In cases where bullying occurs, educators should intervene immediately and respond “quickly and consistently,” according to the letter signed by Musgrove and Michael Yudin, acting assistant secretary for the Office of Special Education and Rehabilitative Services.
Additionally, a meeting of the student’s individualized education program team should be called to address any changes in a student’s services or program that might be needed as a result of bullying, officials said. However, the letter indicates that any student who experiences bullying should remain in his or her original placement unless they are no longer able to receive FAPE in that environment.
Musgrove said that the move to issue guidance is part of the Department of Education’s ongoing effort to address bullying within the nation’s schools. While the letter does not detail any new legal obligations, federal officials are encouraging schools to re-evaluate their policies and practices.

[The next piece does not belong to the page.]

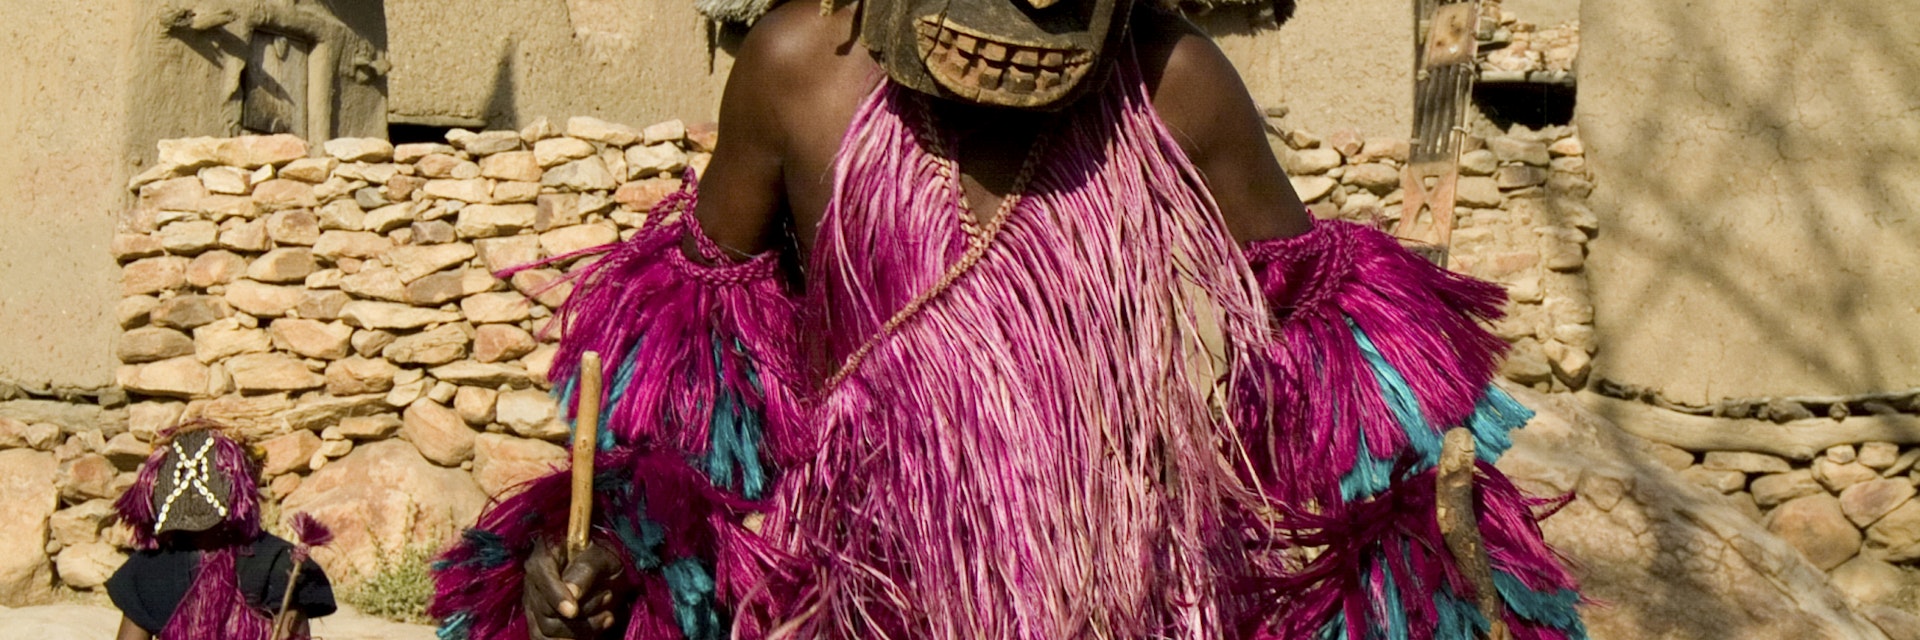 Mali, Dogon, Tirelli, dogon's traditional dance

Several studies in recent years have suggested that children with disabilities more frequently encounter bullying. Findings released in 2012 from a nationwide poll indicated that 63 percent of kids with autism have been bullied. Another study published the same year found that about half of adolescents with autism, intellectual disability, speech impairments and learning disabilities were bullied at school.
Ari Ne’eman, president of the Autistic Self Advocacy Network, called the Education Department’s move a “significant step forward.”
“Right now, many autistic students experiencing bullying are sent to segregated settings,” Ne’eman said. “We believe this clarification of obligations emerging under IDEA’s (least restrictive environment) provision may have a significant impact on the inclusion of autistic students as well as those with other disabilities.”